JP3002146B2 - Liquid crystal display - Google Patents

Description

DETAILED DESCRIPTION OF THE INVENTION

[0001]

BACKGROUND OF THE INVENTION 1. Field of the Invention The present invention relates to a liquid crystal display, and more particularly to an improvement in a sealant forming a part of an envelope of the liquid crystal display.

[0002]

2. Description of the Related Art A liquid crystal display device comprises a pair of transparent substrates opposed to each other and a sealing agent provided between the transparent substrates so as to surround a display portion. The liquid crystal filled therein can control the light transmittance for each pixel region to form an image.

That is, for example, on a liquid crystal side surface of one of the transparent substrates, there is provided a transparent pixel electrode to which a desired voltage is independently applied in each pixel region arranged in a matrix, and On the liquid crystal side surface of the transparent substrate, there is provided a transparent common electrode to which a constant voltage is applied in common to each pixel area, whereby the liquid crystal between them is changed according to the potential difference of each pixel electrode with respect to the common electrode. The light transmittance changes.

In such a liquid crystal display device, an opening is formed in a part of the sealant forming a part of the envelope, and the liquid crystal enters the envelope through the opening. It is designed to be filled. Thereafter, a sealing agent is applied so as to close the opening.

In this case, the sealing agent is applied while the envelope is pressurized to some extent, and then the pressure is released and the inside of the envelope is set to a negative pressure to slightly reduce the sealing agent. The liquid crystal is made to penetrate into the liquid crystal side, whereby the reliability of sealing by the sealing agent is improved.

Incidentally, the curing of the sealant is performed by, for example, irradiation of ultraviolet rays.

[0007]

However, it has been pointed out that in such a liquid crystal display device, the opening of the sealant is not sufficiently sealed by the sealant.

[0008] As a result of the present inventors pursuing this cause, the following has been found.

That is, when the sealant applied to the opening of the sealant slightly penetrates into the liquid crystal side, the degree of adhesion (or adhesion) of the sealant to the sealant near the opening is poor. It was confirmed that a slight gap was formed between the sealant and the sealant.

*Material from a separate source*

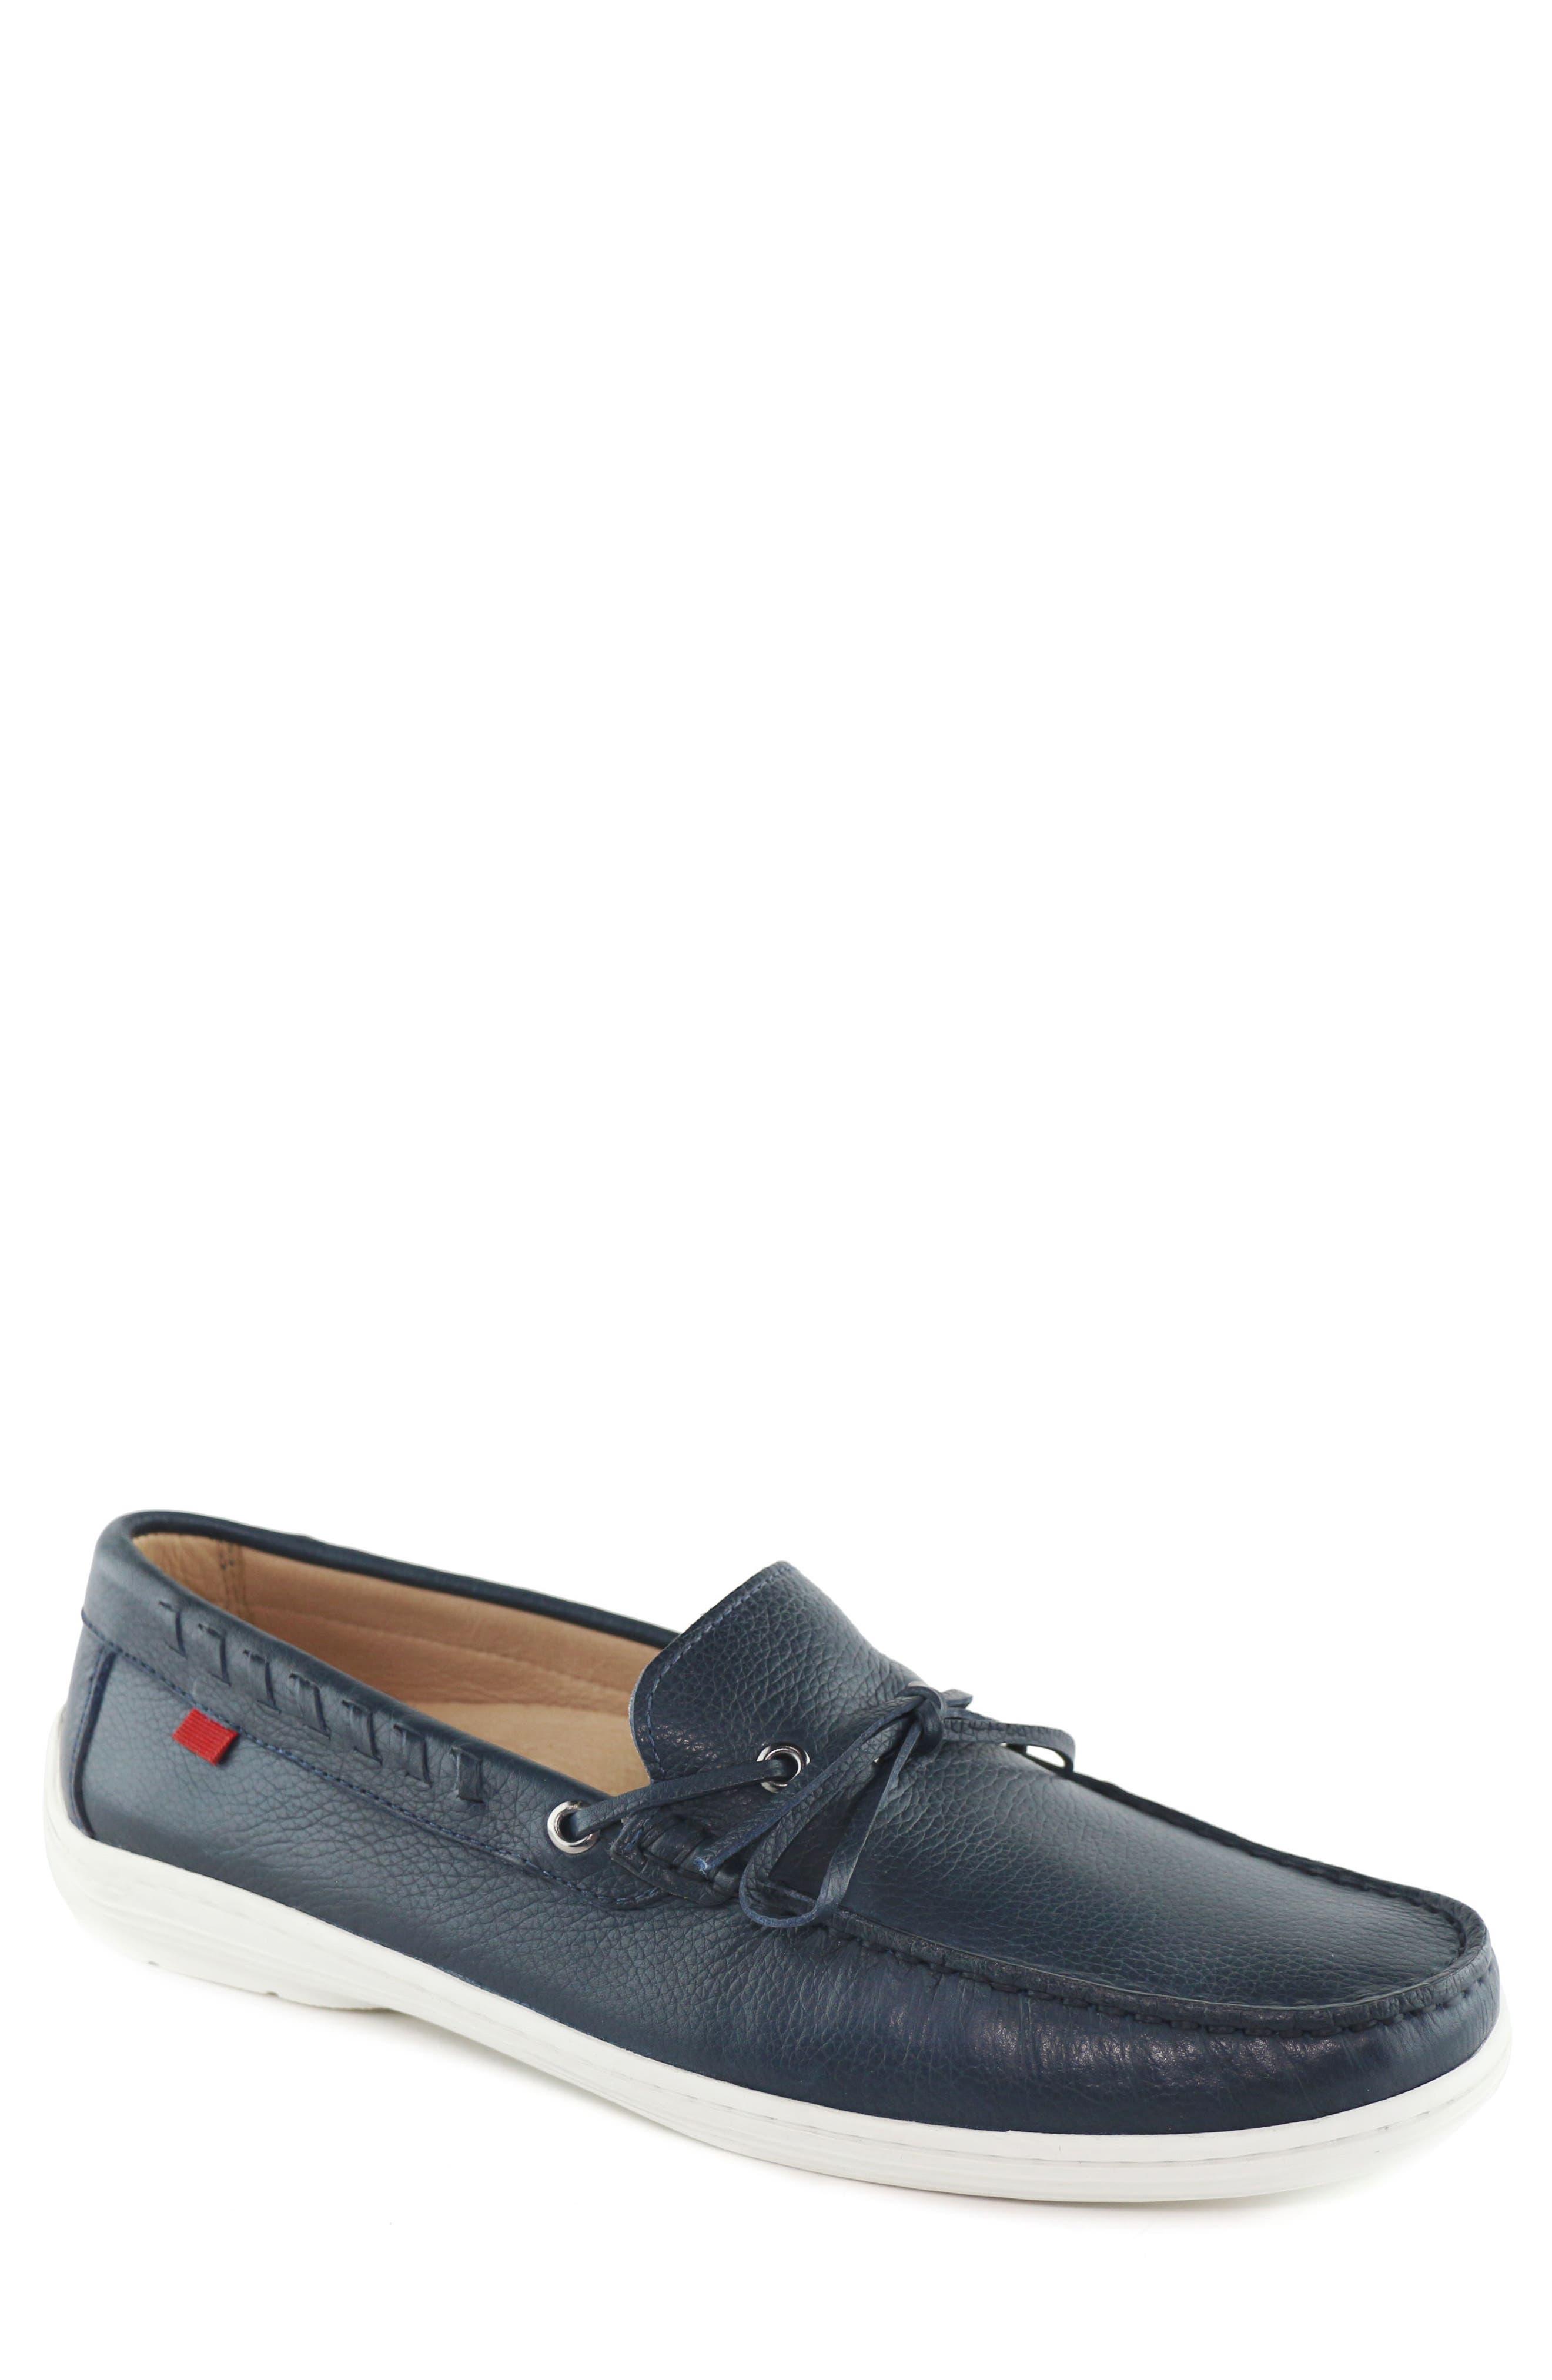 MARC JOSEPH NEW YORK Hudson Boat Shoe

The present invention has been made in view of such circumstances, and an object of the present invention is to provide a liquid crystal display device that can reliably seal an opening of a sealant.

[0011]

In order to achieve the above object, the present invention basically provides a pair of transparent substrates opposed to each other and a display section between the transparent substrates. A sealant provided with a part of the opening and a sealing agent is provided, and a light-curing or thermosetting sealing agent that seals the liquid crystal filled through the opening in the envelope is used. in the liquid crystal display device formed so as to block the opening, the sealant is spaced apart from the end surface of the transparent substrate forms
And the opening portion allows the sealant to pass therethrough.
Formed by the lead-in that extends to the edge of the substrate
In addition, the introduction portion is formed so that the opening width becomes narrow along the filling direction of the liquid crystal.

In the liquid crystal display device configured as described above, when the opening of the sealant is closed by the sealant and then the liquid crystal enters the liquid crystal side, the width of the opening is narrowed. With the intrusion of the blocking agent, a force for pressing the side wall surface of the opening comes to work.

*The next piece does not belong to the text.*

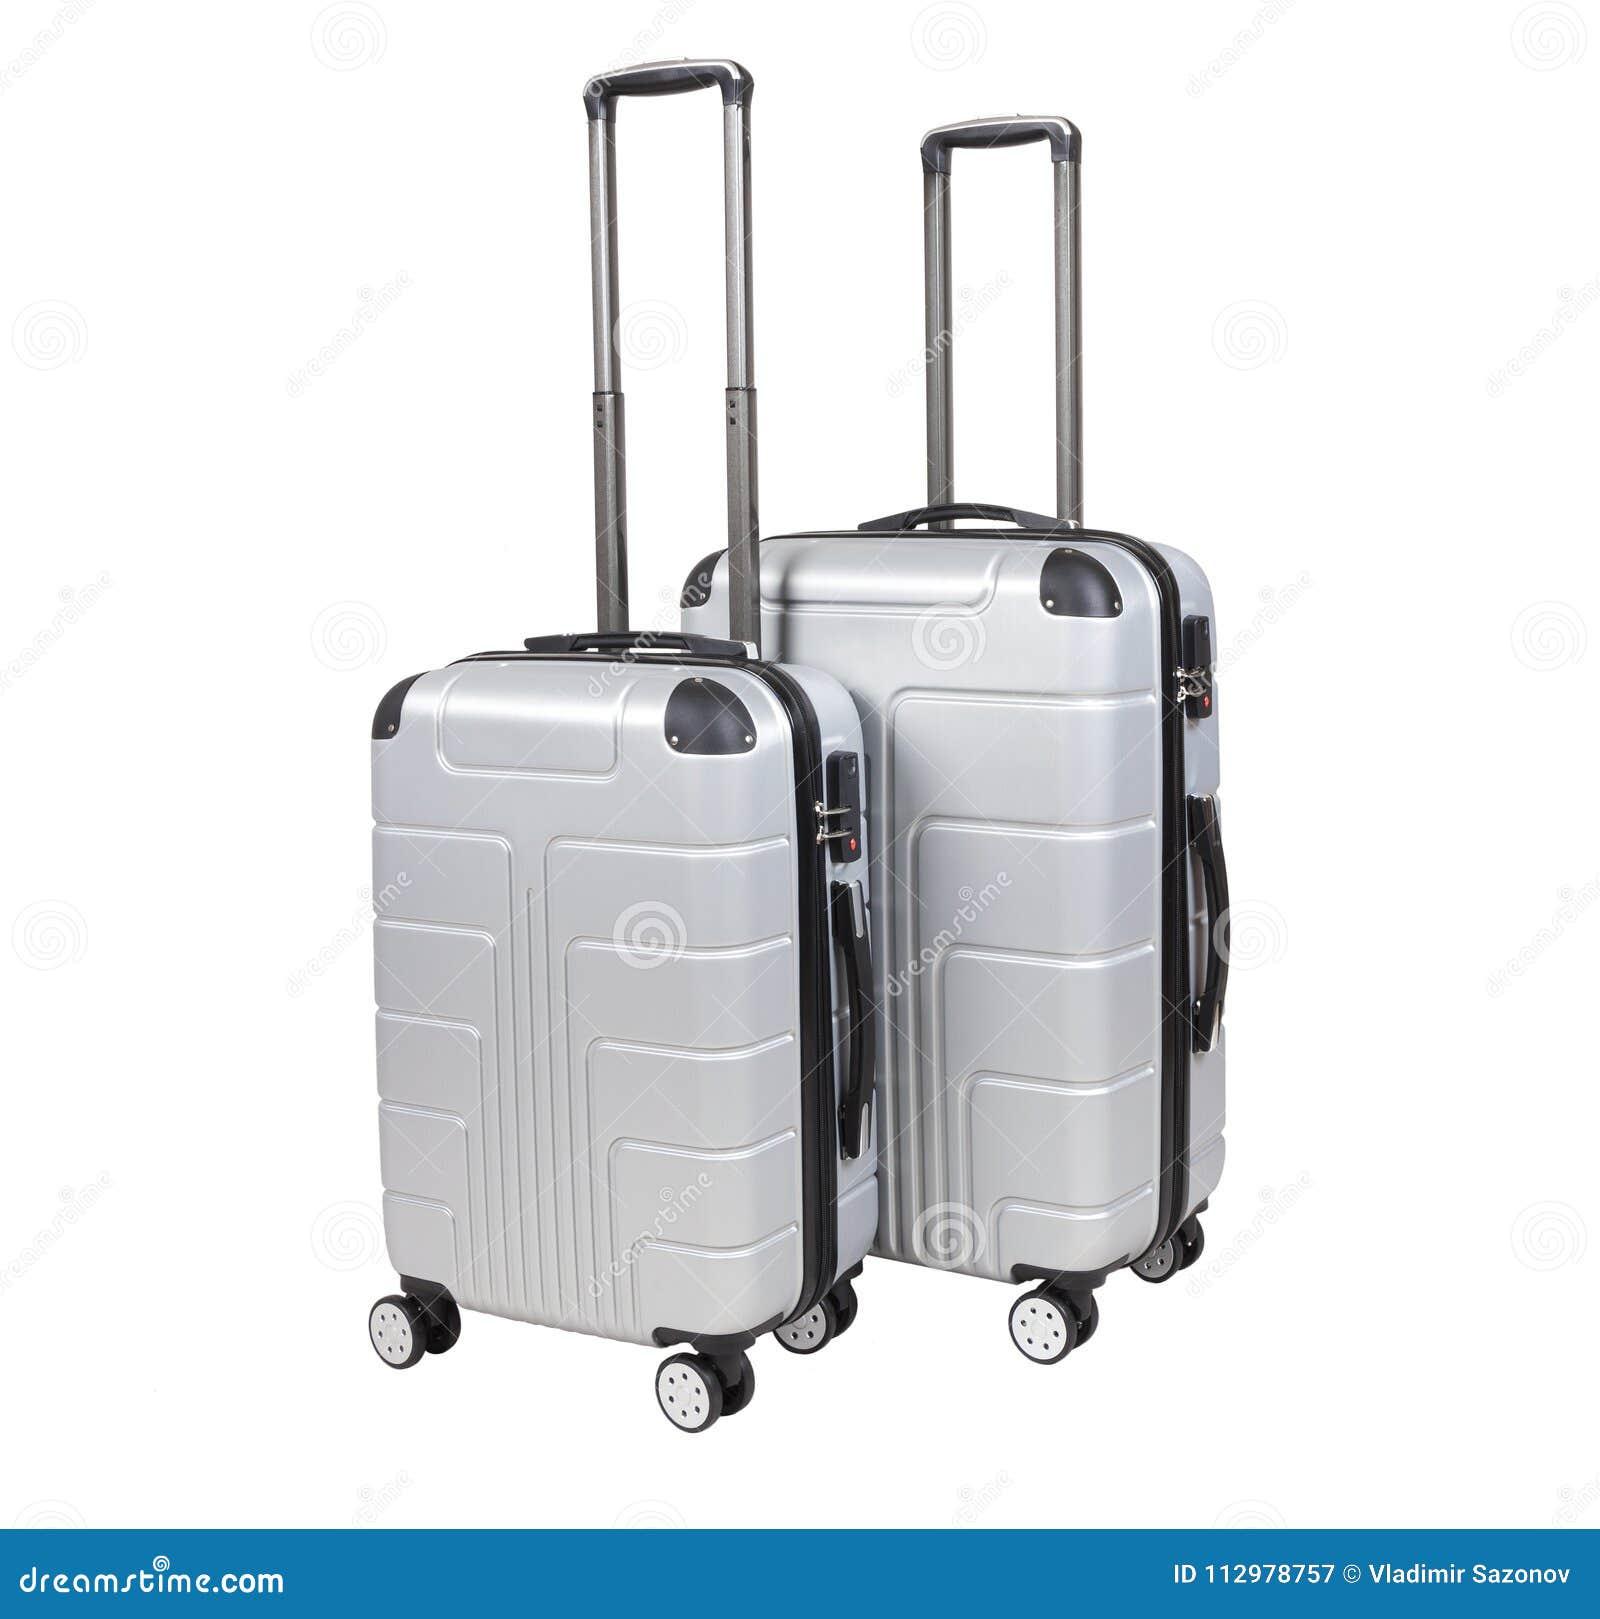 Gray suitcase isolated on white background.

Therefore, this force can enhance the adhesion (adhesion) of the sealant to the opening.

Therefore, it is possible to obtain a liquid crystal display device that can reliably seal the opening of the sealant.

[0015]

DESCRIPTION OF THE PREFERRED EMBODIMENTS One embodiment of the liquid crystal display device according to the present invention will be described below with reference to the drawings.

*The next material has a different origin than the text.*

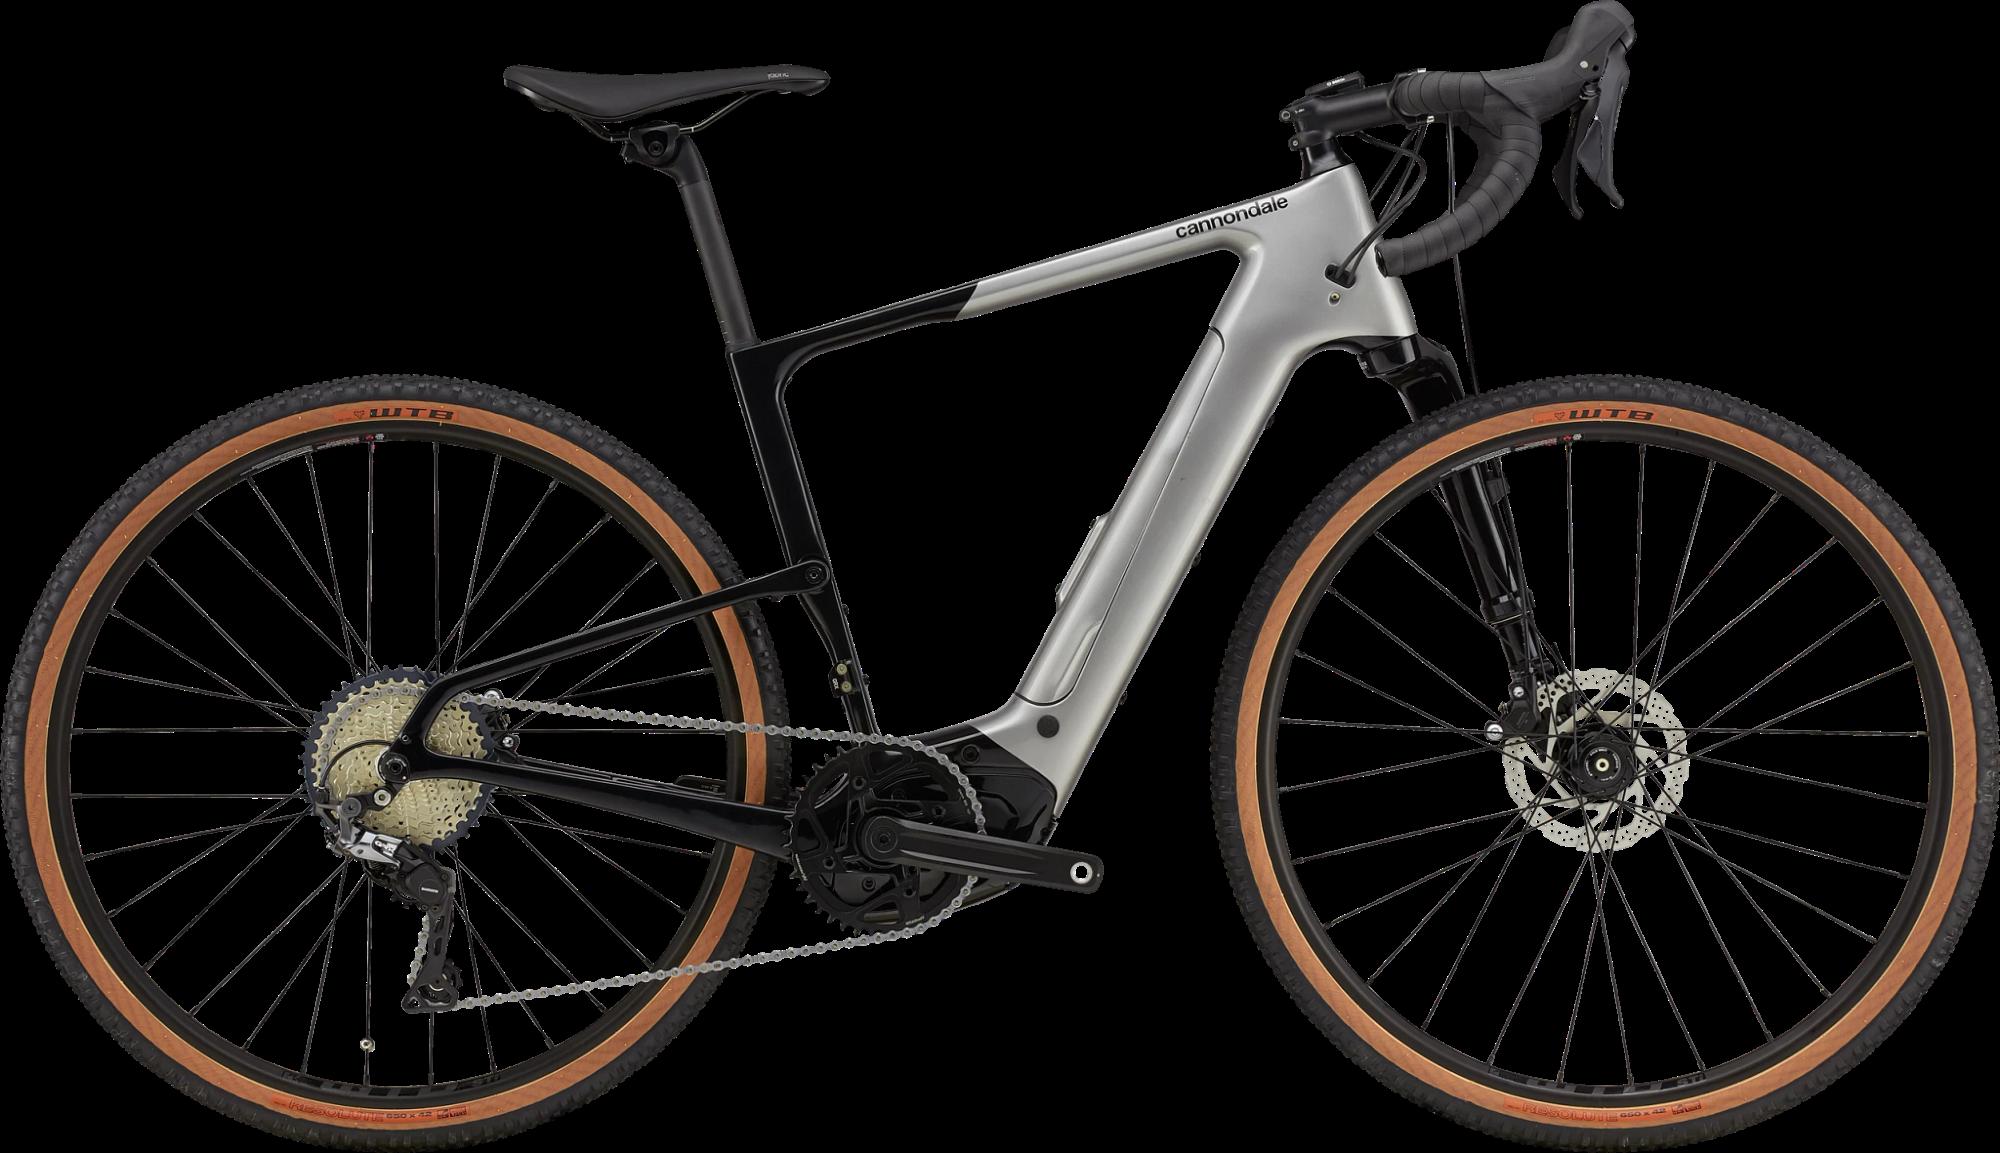 https://www.cannondale.com/ja-jp/bikes/electric/e-road/topstone-neo/topstone-neo-carbon-lefty-3-c62341u?sku=c62341u10lg

The envelope structure First, FIG. 2 is a predominantly partially cutaway plan view showing an example of the envelope portions of the so-called active matrix type called liquid crystal display device.

In FIG. 1, there is a transparent substrate 1. The surface of the transparent substrate 1 (the surface on the liquid crystal side) will be described in detail later.
A scanning signal wiring, a video signal wiring, a thin film transistor, and the like are formed.

A display part AR formed by such scanning signal wiring, video signal wiring, thin film transistor and the like is formed in a central part except a peripheral part of the transparent substrate 1, and a sealant 2 is formed so as to surround the display AR. Are formed.

An opening is formed in a part of the sealing material 2, and this opening serves as a sealing port for sealing a liquid crystal, which will be described later in detail. It has become.

The sealant 2 is formed by a so-called dispenser or by screen printing. Therefore, the pattern of the opening can be formed by the dispenser or screen printing.

A region corresponding to the outside of the sealant 2 on the transparent substrate 1 is a scanning signal supply terminal 3T (left side in the figure) for supplying a scanning signal or a video signal from the outside.
And a video signal supply terminal 4T (upper and lower sides in the figure).

There is a separate transparent substrate 5 disposed opposite the transparent substrate 1 with the sealing agent 2 interposed therebetween.
The transparent substrate 5, together with the transparent substrate 1 and the sealant 2, constitutes an envelope of a liquid crystal display device. The display section AR is provided on the surface of the transparent substrate 5 on the liquid crystal side.
A common electrode made of a transparent electrode is formed over the entire area, and when the liquid crystal display device is for color, a color filter or the like having a different color is formed corresponding to each pixel.

Next, the structure of the liquid crystal side surface of the display section AR of the transparent substrate 1 will be briefly described with reference to FIG.

In FIG. 1, first, a scanning signal line 3 extending in the x direction in the figure and juxtaposed in the y direction is formed.
One end of each of the scanning signal wirings 3 extends beyond the sealant 2 and is connected to the scanning signal supply terminal 3T, and a scanning signal is supplied through the terminal 3T.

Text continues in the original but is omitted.